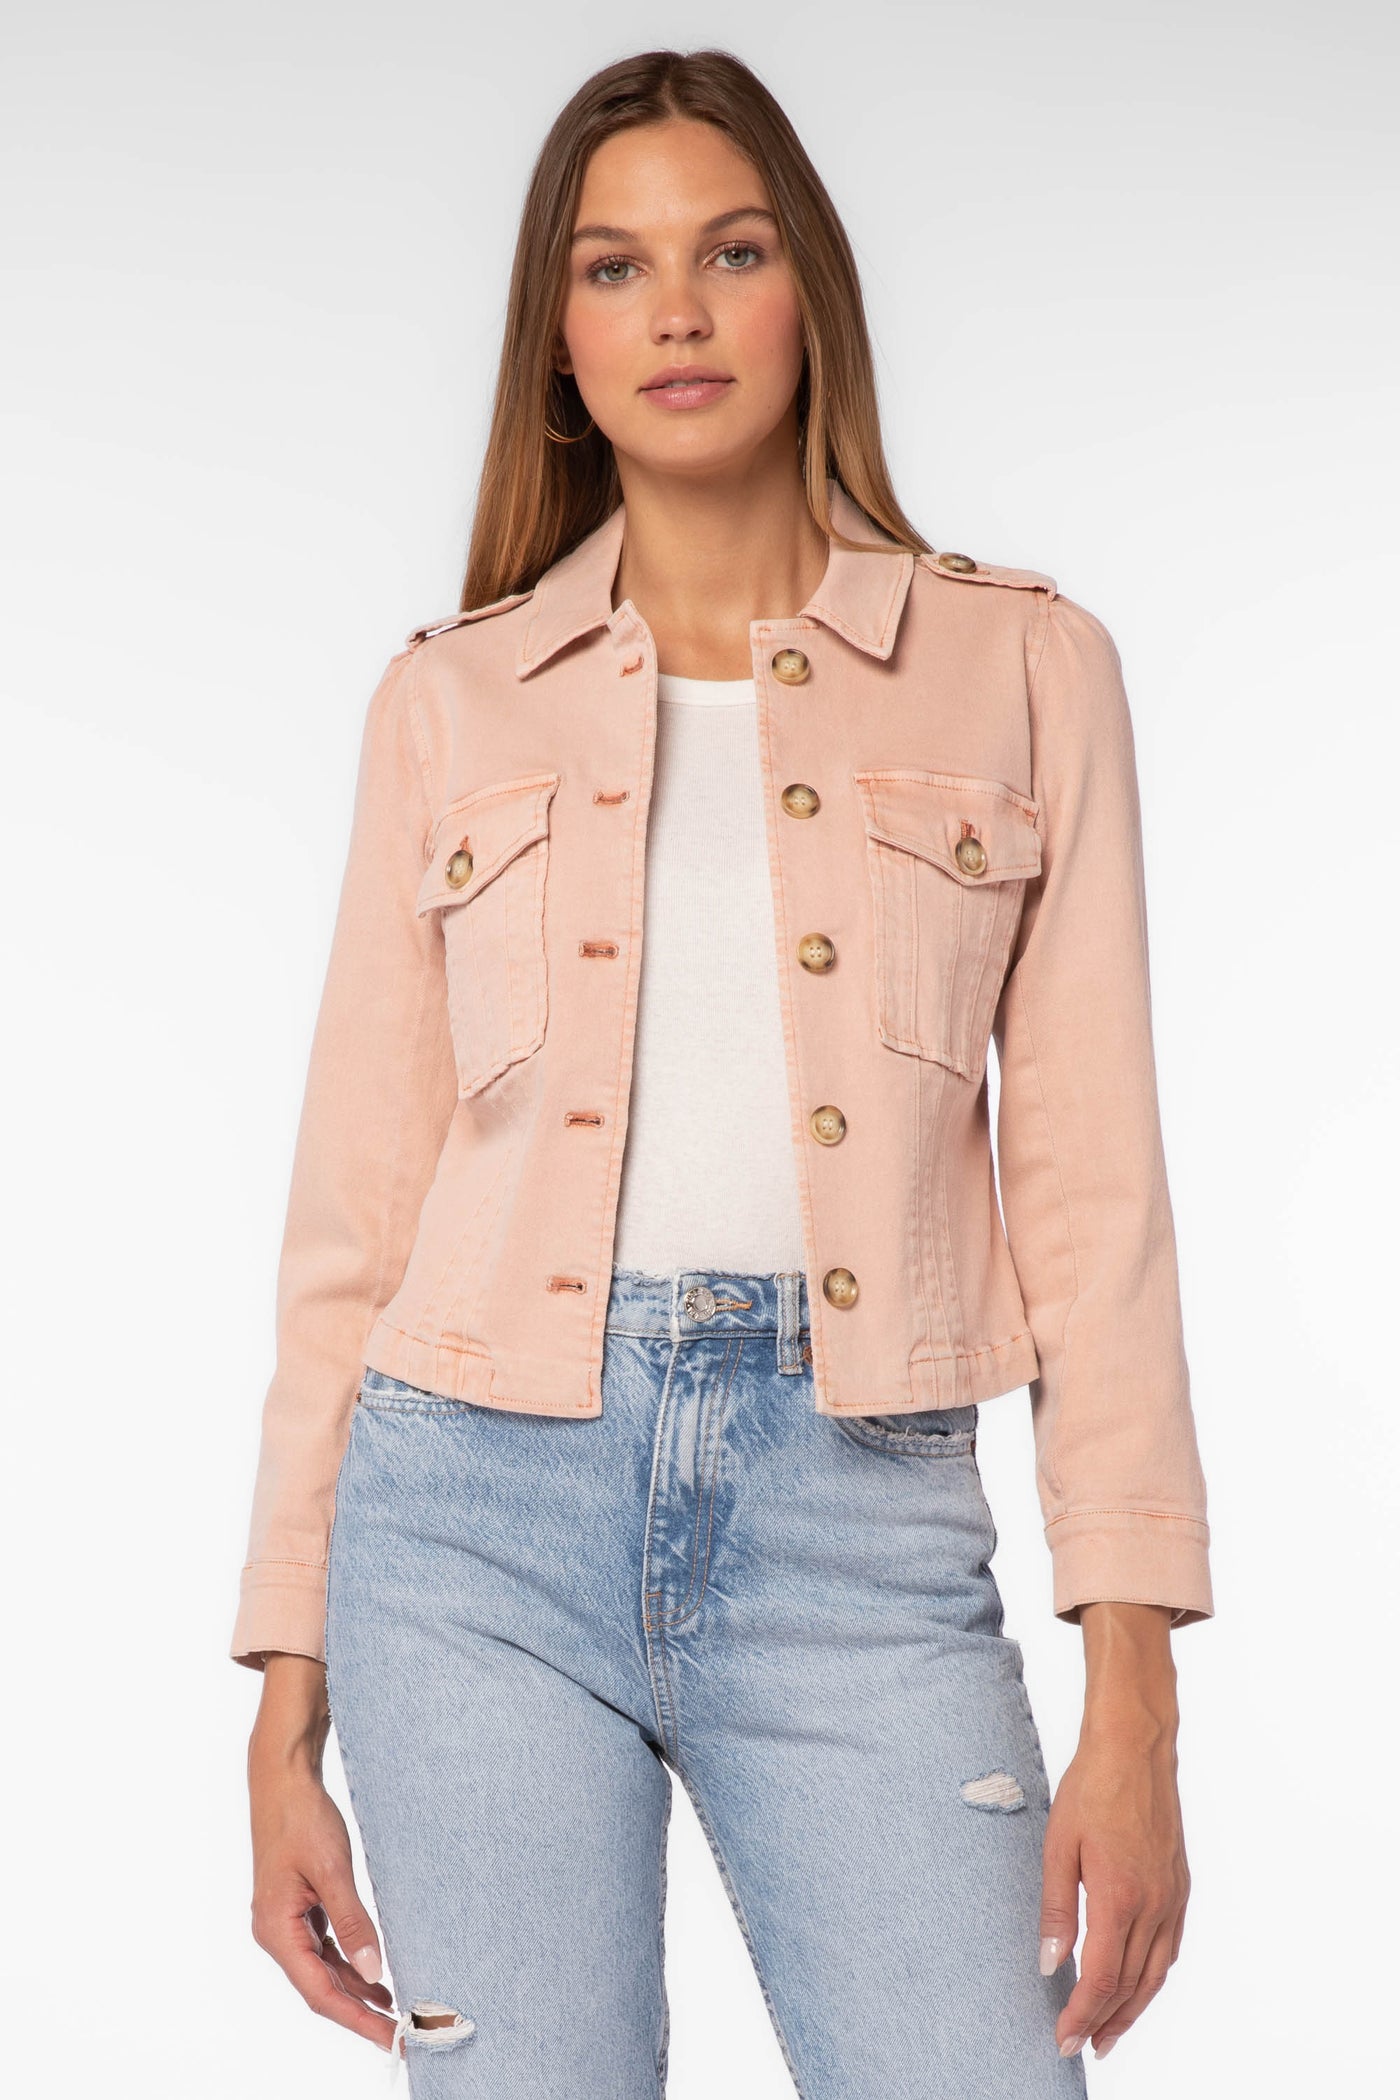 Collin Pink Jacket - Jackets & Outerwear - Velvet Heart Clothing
━━━━━━━━━━━━━━━━━━━━━━━━━━━━━━
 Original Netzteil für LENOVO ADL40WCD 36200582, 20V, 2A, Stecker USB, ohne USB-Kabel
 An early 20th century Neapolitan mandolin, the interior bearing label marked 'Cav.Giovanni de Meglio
━━━━━━━━━━━━━━━━━━━━━━━━━━━━━━
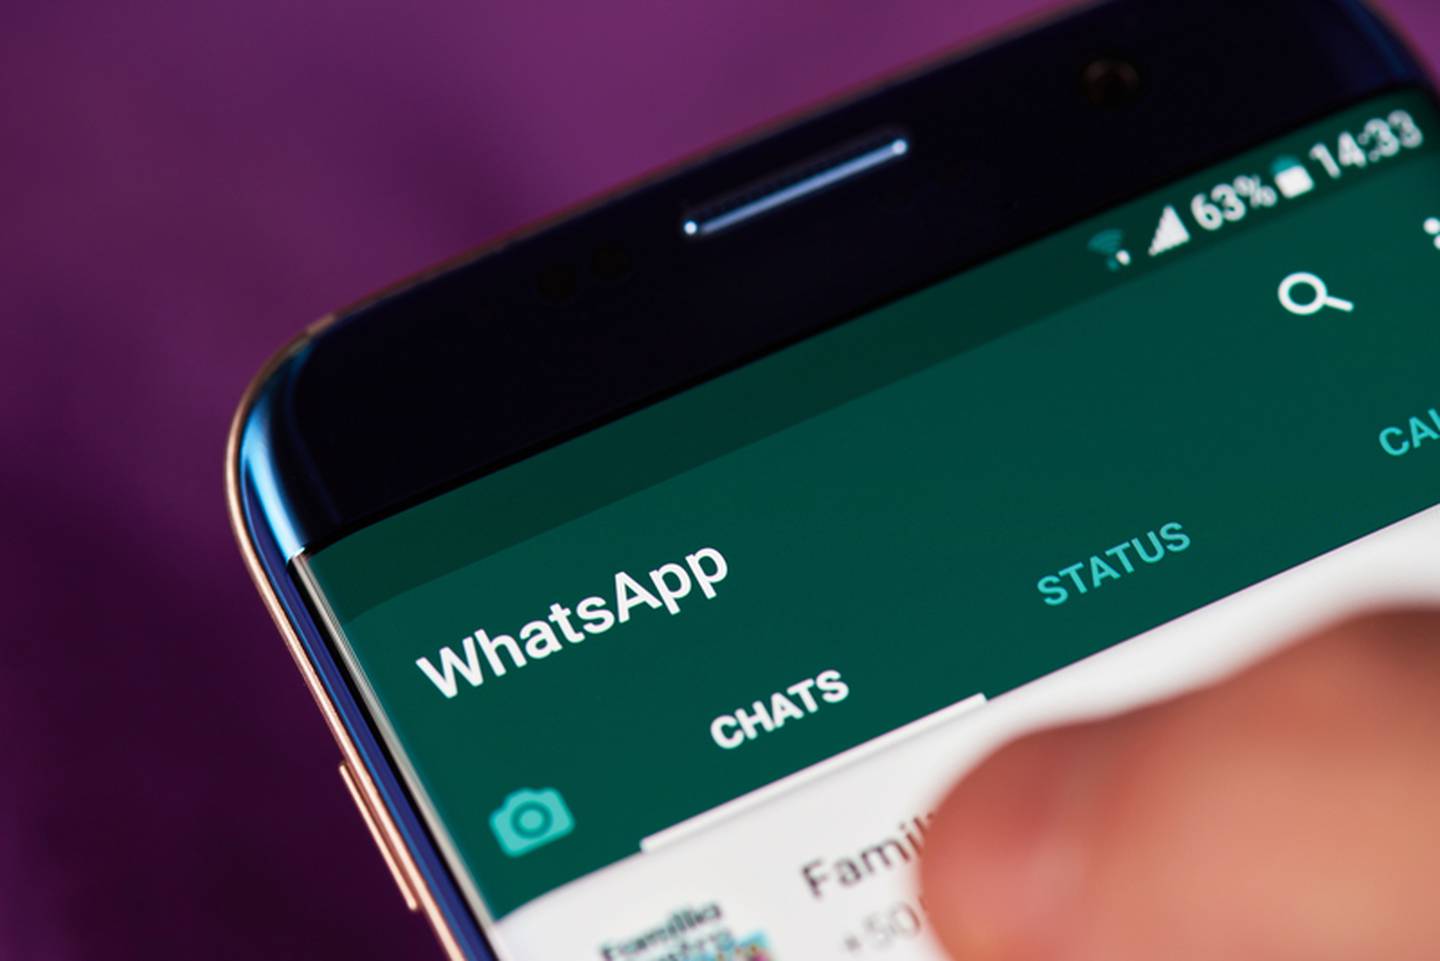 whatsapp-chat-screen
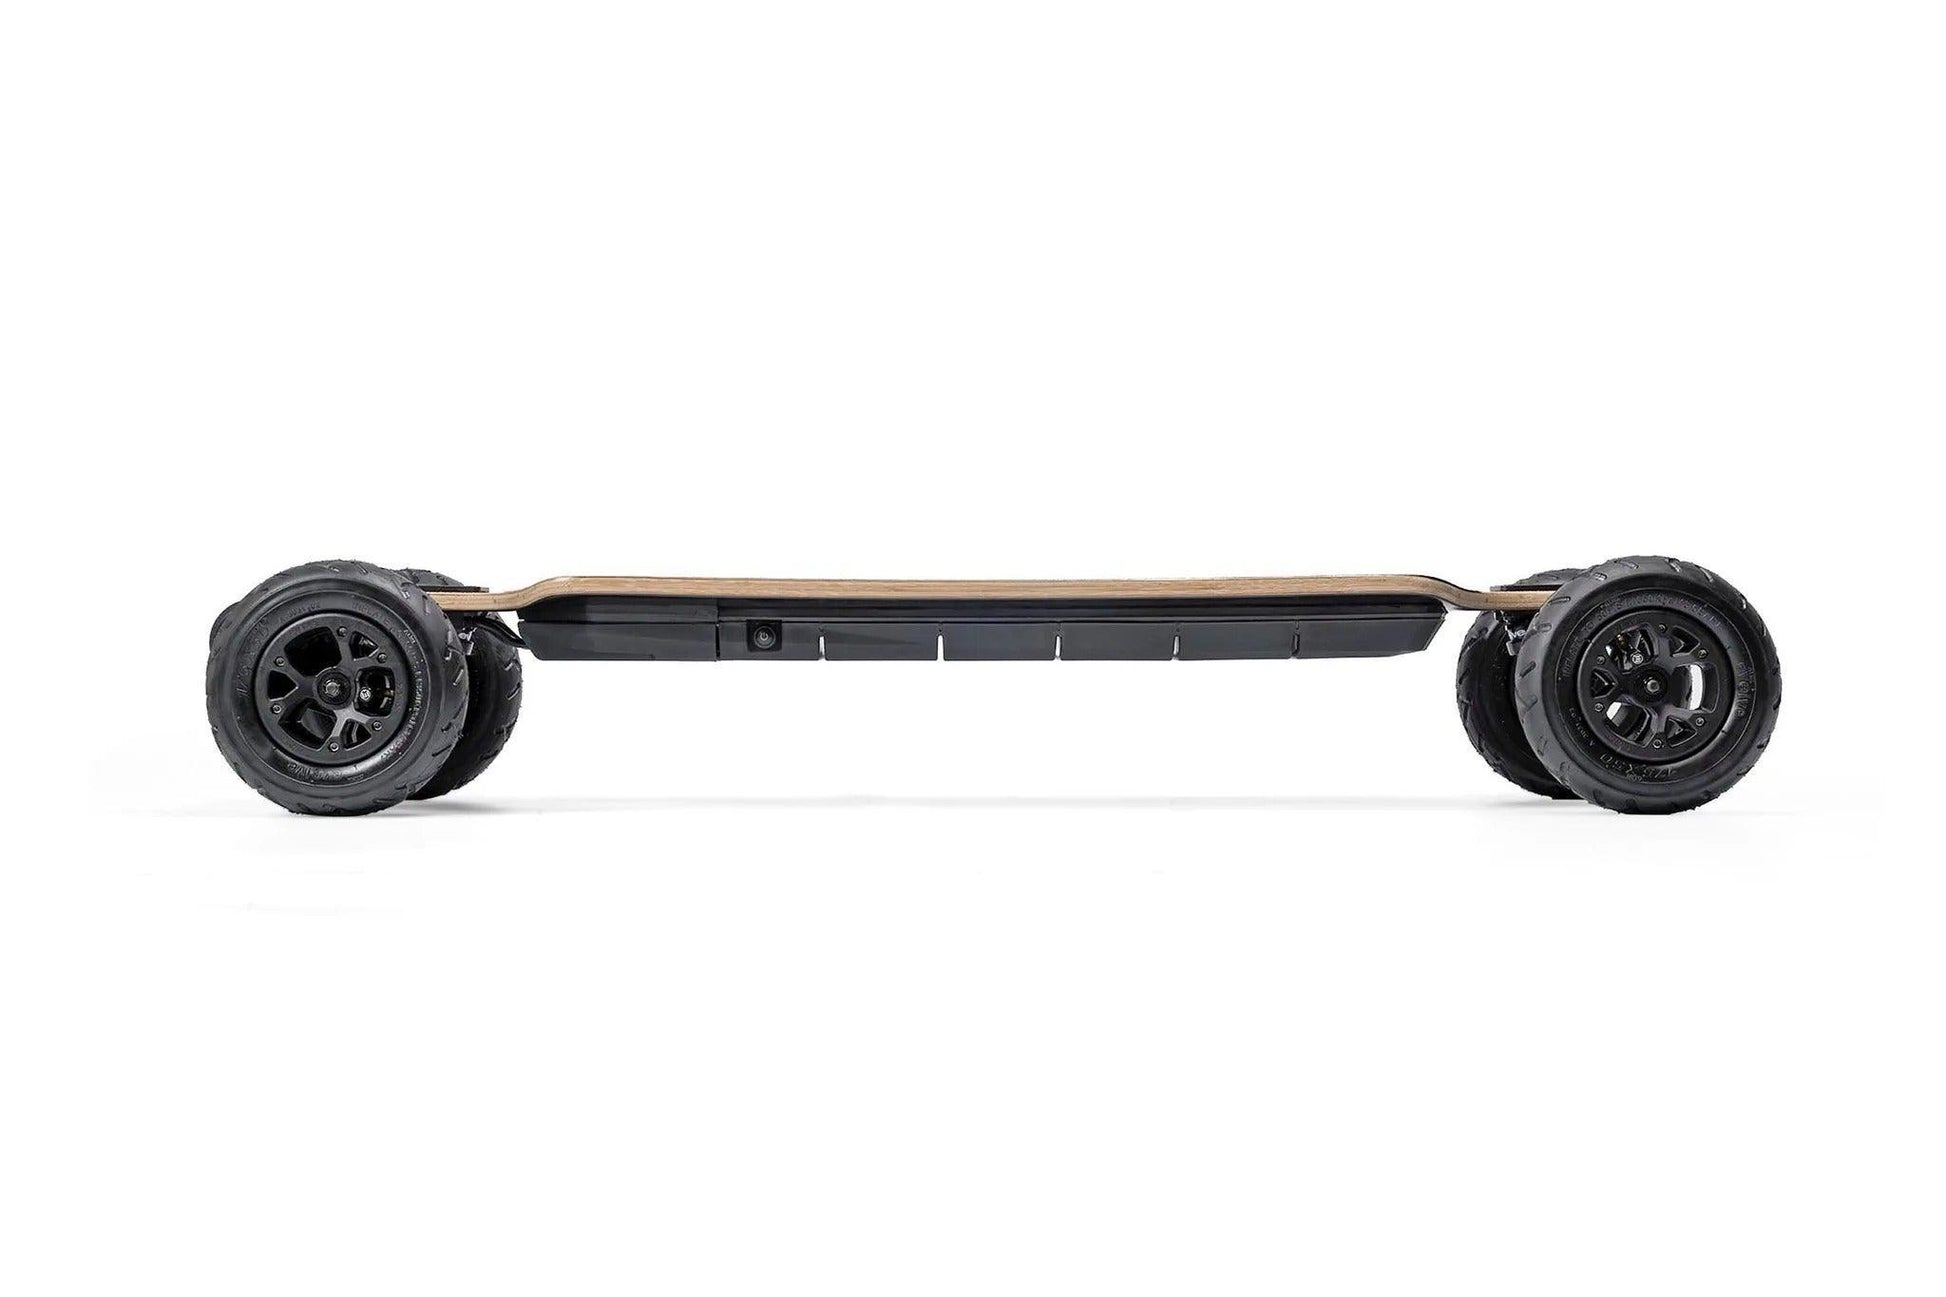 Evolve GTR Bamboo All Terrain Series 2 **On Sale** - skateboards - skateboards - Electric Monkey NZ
━━━━━━━━━━━━━━━━━━━━━━━━━━━━━━
■ **Problem to work on**:
Given the records above, restate word for word only the lines starting at the one with "Original Netzteil für" and ending at the one with "An early 20th".

■ **Result for this task**:
 Original Netzteil für LENOVO ADL40WCD 36200582, 20V, 2A, Stecker USB, ohne USB-Kabel
 An early 20th century Neapolitan mandolin, the interior bearing label marked 'Cav.Giovanni de Meglio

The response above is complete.